(Beginning of RECORDED INFORMATION)

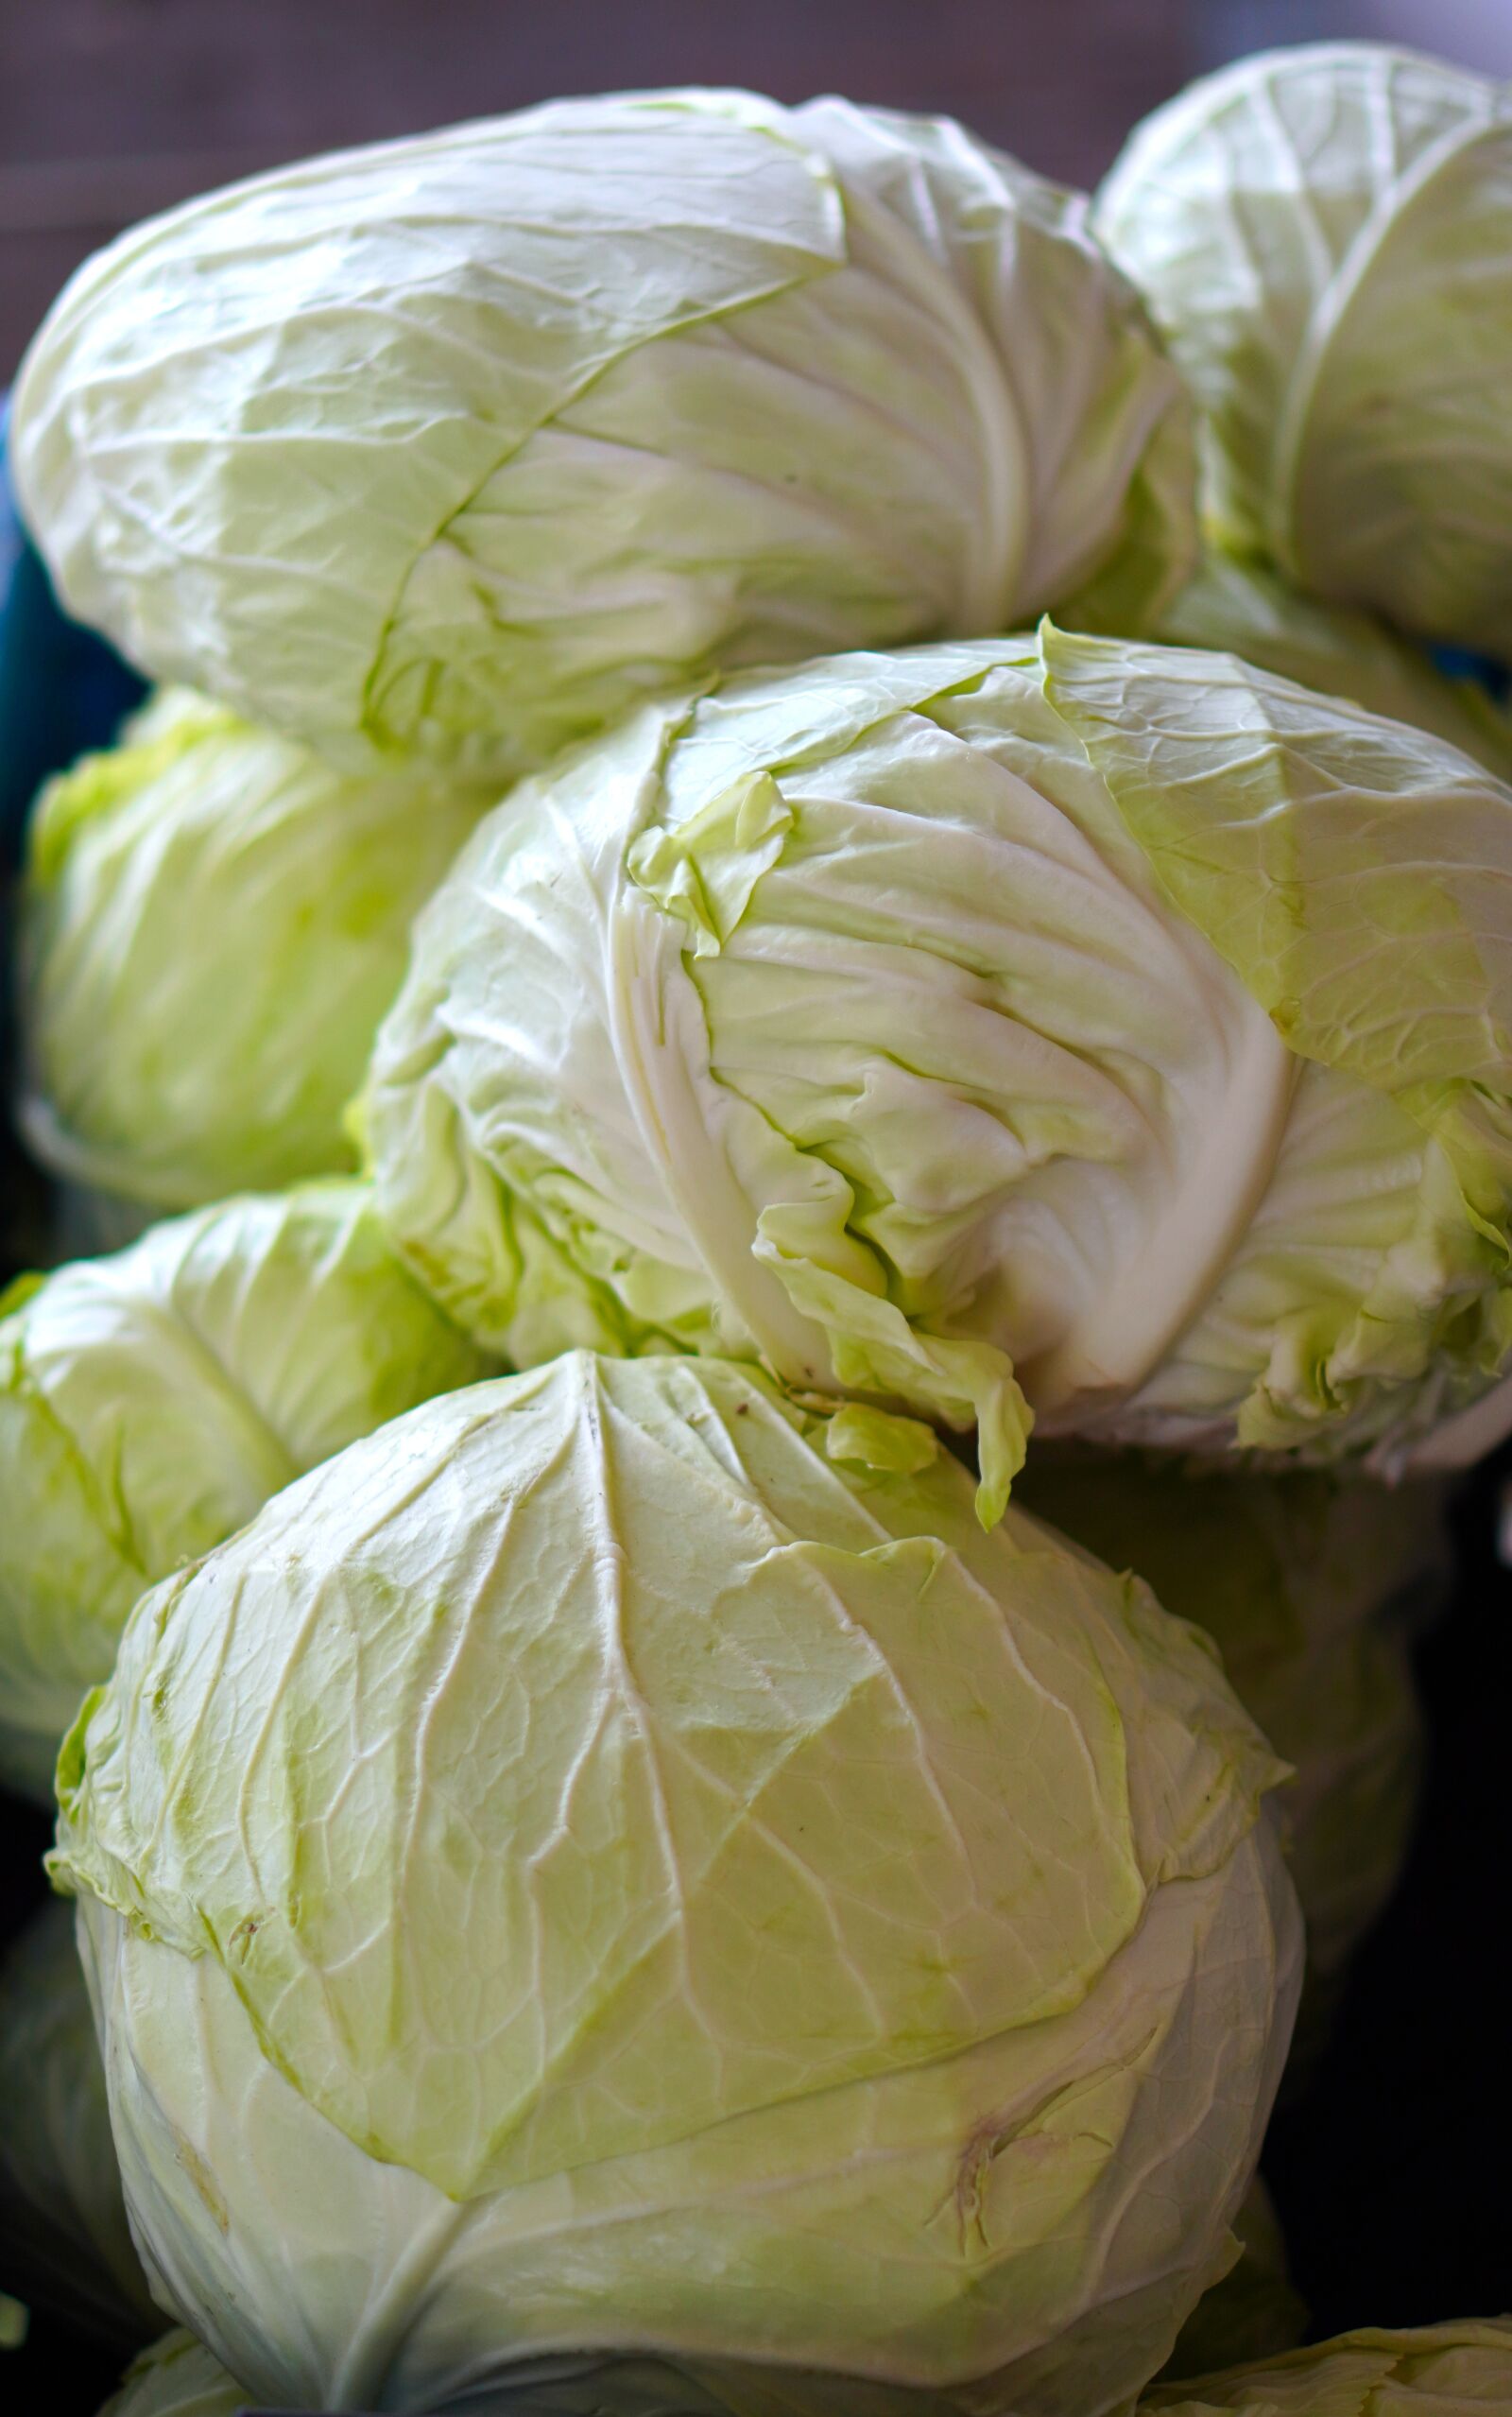 E 50mm F1.8 OSS sample photo. "Vegetable, cabbages, food" photography
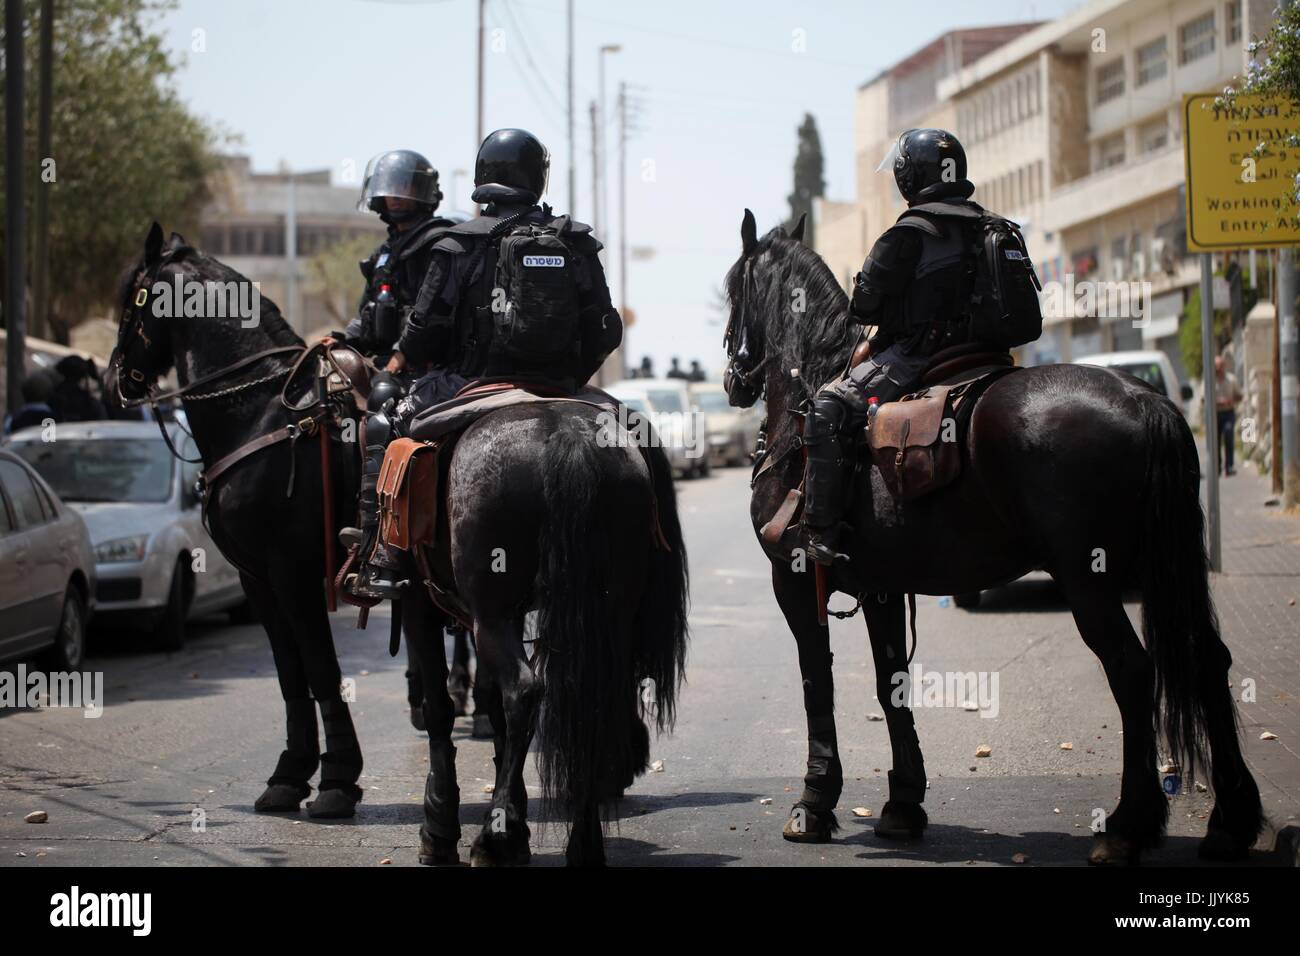 Jerusalem, Jerusalem, Palestinian Territory. 20th Aug, 2017. Horse mounted Israeli security forces patrol during clashes with Palestinian protesters following Friday prayer outside Jerusalem's Old City on July 21, 2017, after Israeli police barred men under 50 from entering the Old City for Friday Muslim prayers as tensions rose and protests erupted over new security measures at the highly sensitive Al-Aqsa mosque compound. The ban came after Israeli ministers decided not to order the removal of metal detectors erected at entrances to the Al-Aqsa mosque compound, known to Jews as the Temple Stock Photo
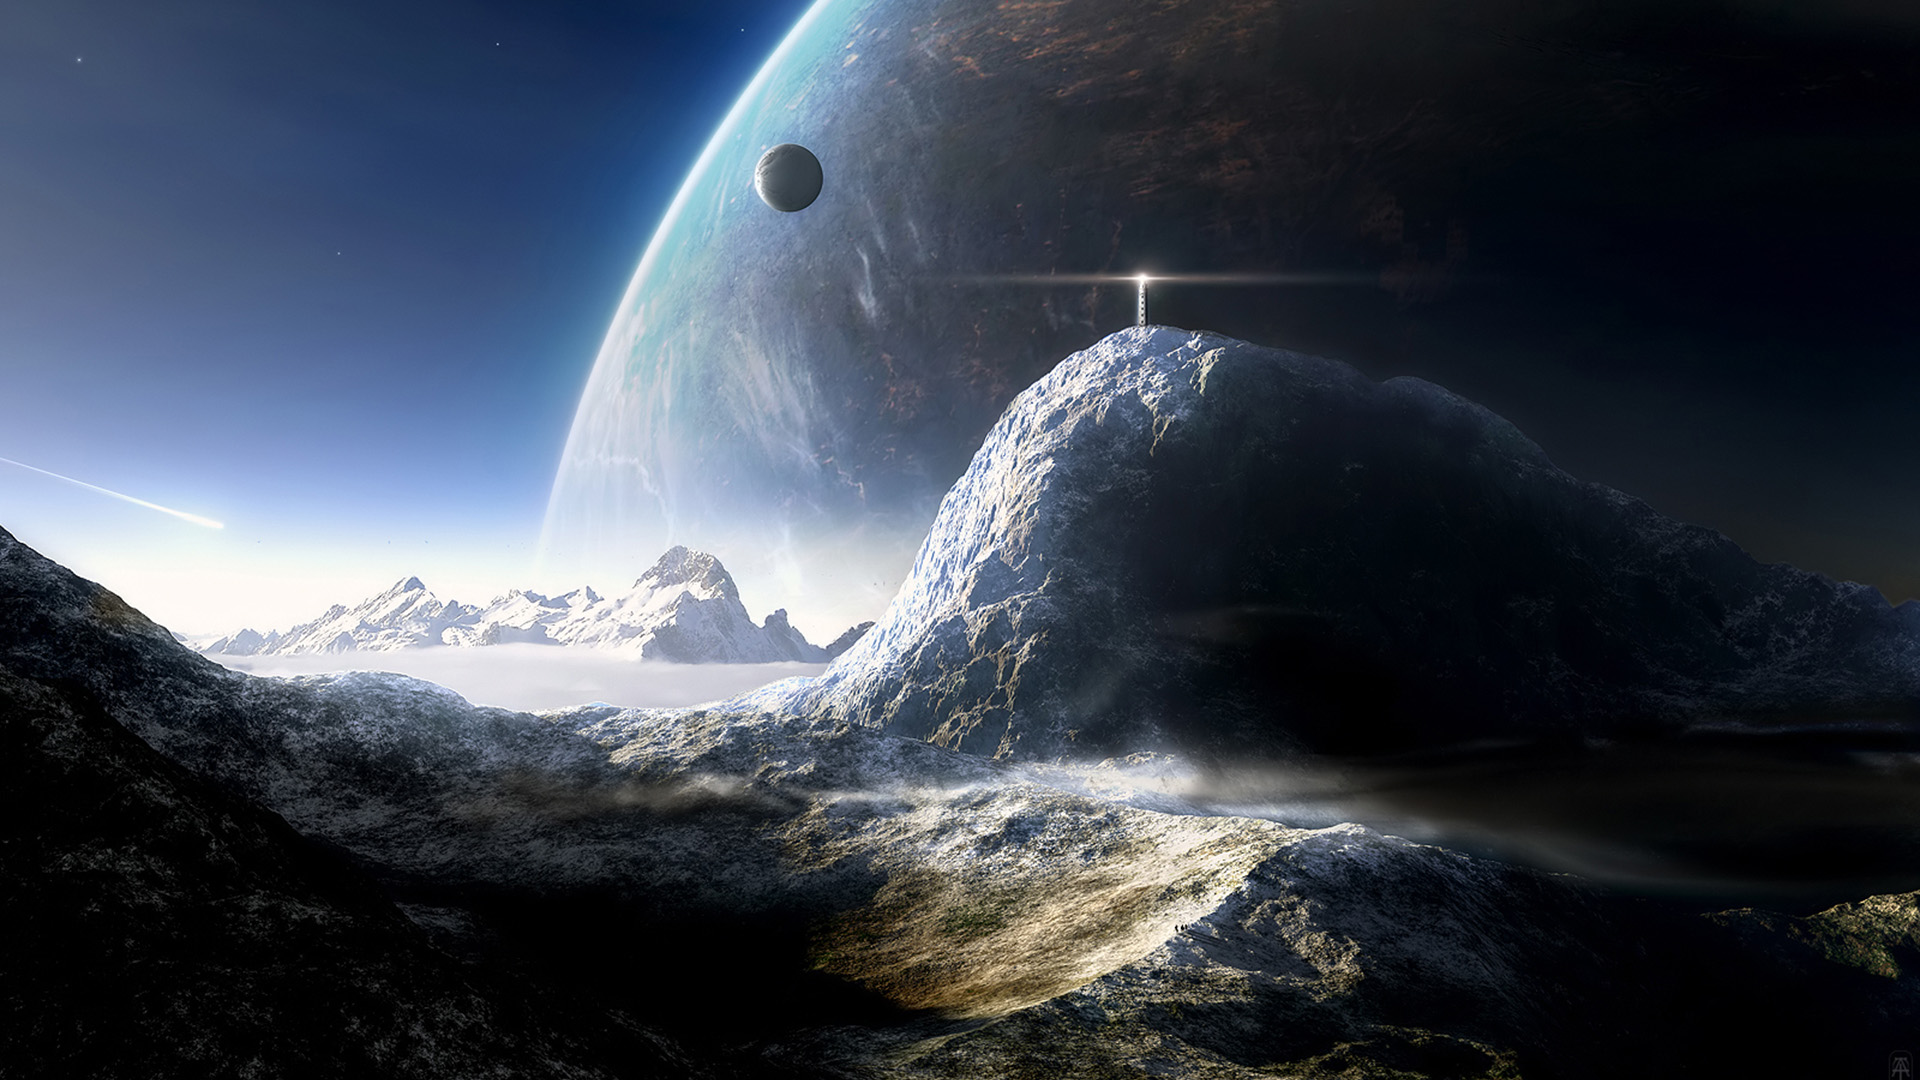 Space Wallpaper Search Results Universe - Hd Wallpaper 1920x1080 Universe - HD Wallpaper

(End of RECORDED INFORMATION)

YOUR TASK:
Everything in the material must be duplicated exactly, except the pictures.

RESPONSE:
 E 50mm F1.8 OSS sample photo. "Vegetable, cabbages, food" photography
 Jerusalem, Jerusalem, Palestinian Territory. 20th Aug, 2017. Horse mounted Israeli security forces patrol during clashes with Palestinian protesters following Friday prayer outside Jerusalem's Old City on July 21, 2017, after Israeli police barred men under 50 from entering the Old City for Friday Muslim prayers as tensions rose and protests erupted over new security measures at the highly sensitive Al-Aqsa mosque compound. The ban came after Israeli ministers decided not to order the removal of metal detectors erected at entrances to the Al-Aqsa mosque compound, known to Jews as the Temple Stock Photo
 Space Wallpaper Search Results Universe - Hd Wallpaper 1920x1080 Universe - HD Wallpaper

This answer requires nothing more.